The treadmill visitor
Am confined to hotel room. Prepping for trial tomorrow. Sniffling. At about 10:30 pm decide to go clear away the fog. The gym is open 24/7. Change into gear. Give one good last blow and head downstairs. Turn on the lights. Utter peace.
This is my time to let my mind roam wherever it wants. Michael Jackson on the ipod. The Olympics on TV. Am watching the high jumpers. About a mile into the run, the door opens. A minx with shaggy (wet) blonde hair tosses her room key onto the treadmill next to me. I sigh at the noise she makes and try to ignore her.
Peg her at ten. In an orange romper. Bare feet. She turns the machine on and begins to jog. Slap slap slap go her feet. I estimate she’ll get bored after three minutes. She makes it to a little over one. Then she goes off to the cycle. And I turn back to the business of breathing in the case.

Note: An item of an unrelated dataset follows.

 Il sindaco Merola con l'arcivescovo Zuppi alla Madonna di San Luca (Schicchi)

Thump. She bounces back on the treadmill. Begins pushing buttons. Where the heck are her parents.
It works better if you wear sneakers, I say.
How long have you been here.
How fast are you going.
What are you listening to.
What channel is that.
Michael Jackson is trying to drown her out but fails. It’s my fault for paying attention to her. I answer the questions.

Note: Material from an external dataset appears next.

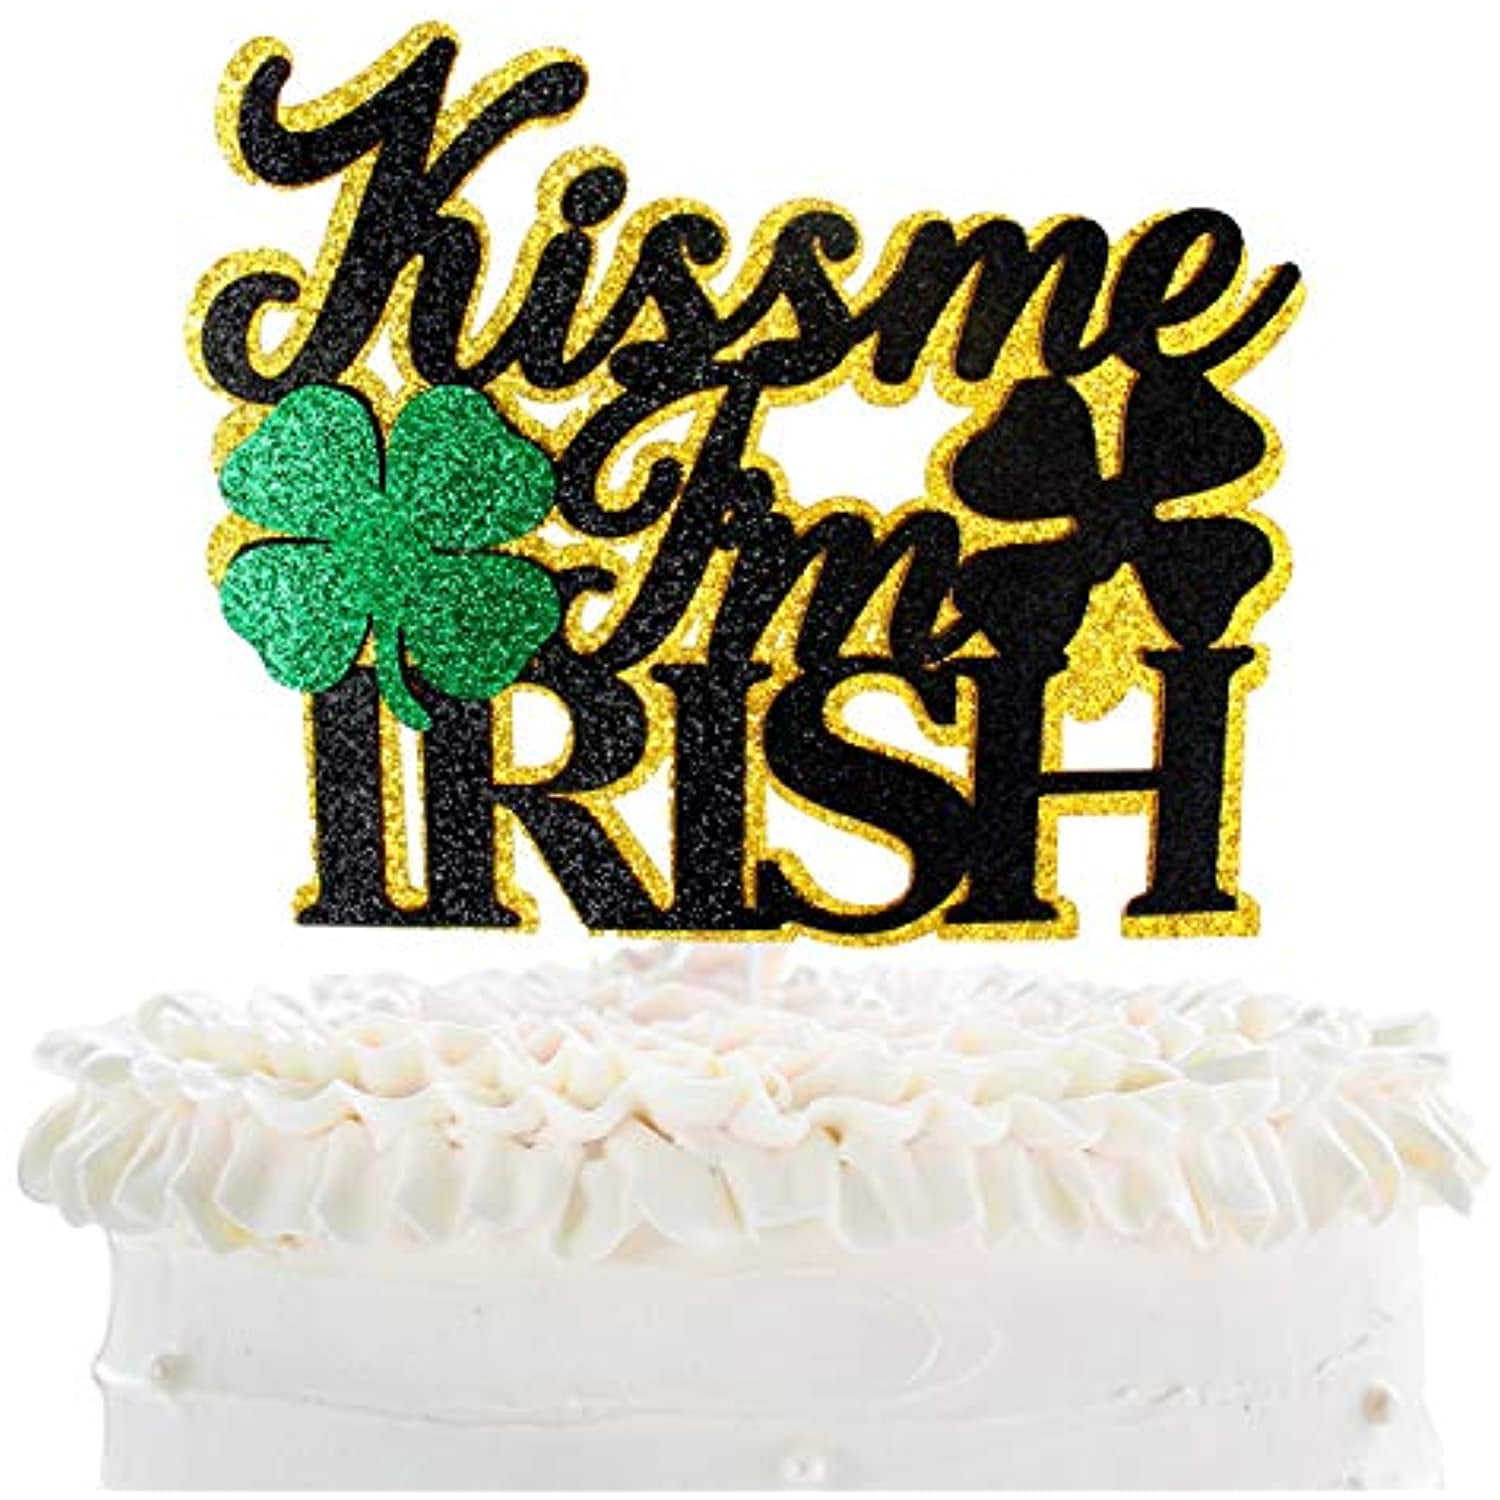 Kiss Me Im Irish Cake Topper - Green Glitter Shamrock Lucky Clover ...

If I go get my shoes will you work out with me, she says.
Hmm, I think. She’ll go back up to her room and her parents will tell her it’s time to get ready for bed.
Sure, I say. I’ll work out with you but first you need to get your shoes.
She’s back in five.
For the next twenty minutes she walks, runs for portions of a minute, steps off, gets back on, and pushes buttons up and down. Gets water, grabs a towel. Watches the Olympics. Asks about the Olympics. Wants to know where the headphones are. Tries to read her heart rate. At one point, she gets off her machine, comes to my right side and is actually standing on the stationary edge of my treadmill. As I’m running. She lifts my ipad up off the console so that she can read my statistics.

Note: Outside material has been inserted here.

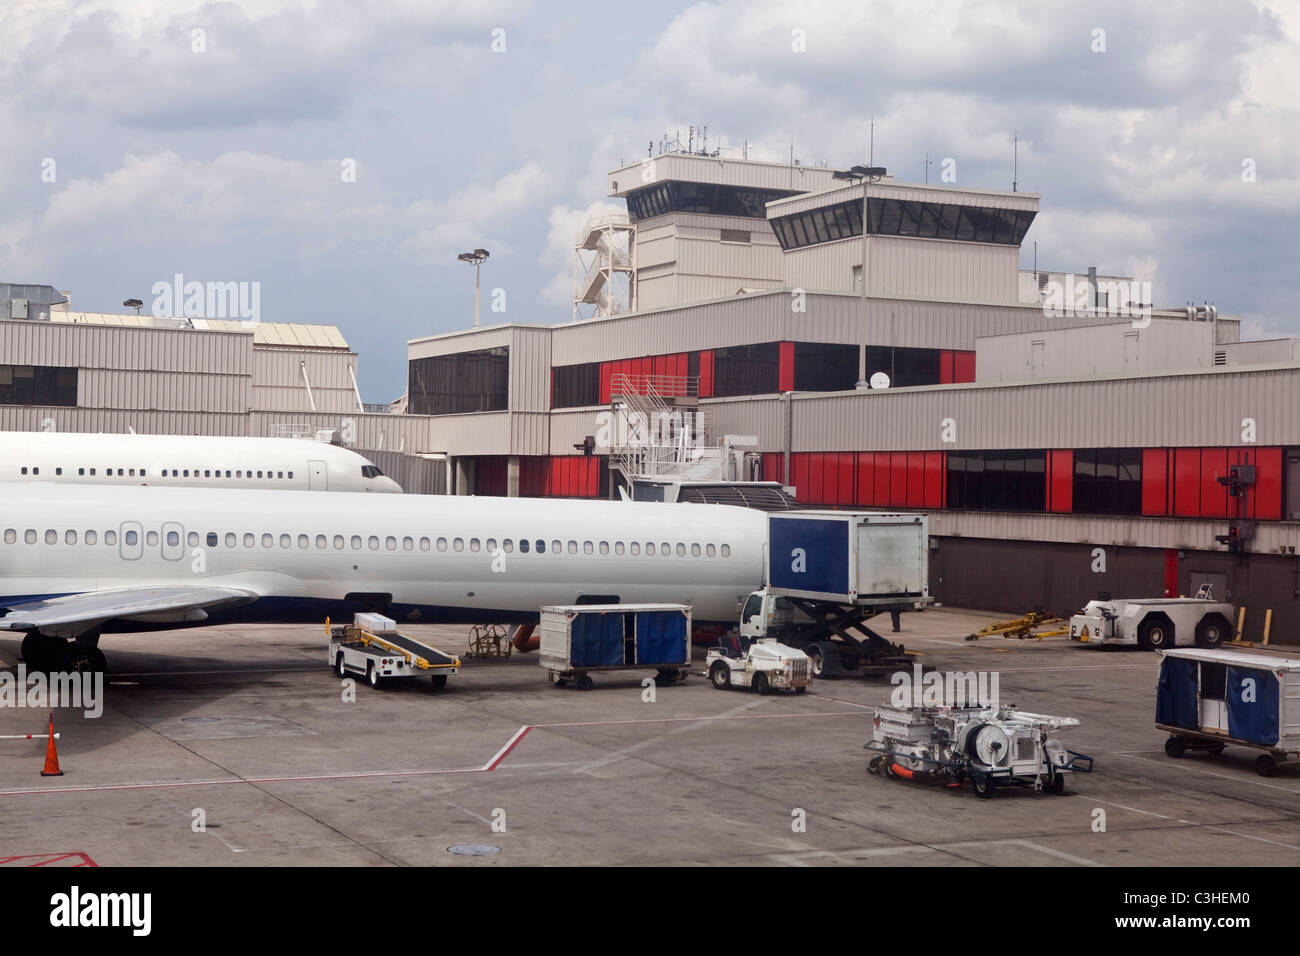 Gran ciudad moderna terminal de aeropuerto, con aviones en las puertas. Foto de stock

The women’s uneven bars are now being featured on t.v. How do they do That. I remember being forced to get on those bars in junior high P.E. Basically could do a circle with my tummy touching the low bar. Hands grasping the bar so tightly that blisters form. Realize the room is silent. The little golden sprite is gone.
The run winds down. Walk up the stairs.
Even though the nose has started dribbling again. Despite more work to be done. The little girl has covered me in fairy dust. And I am smiling.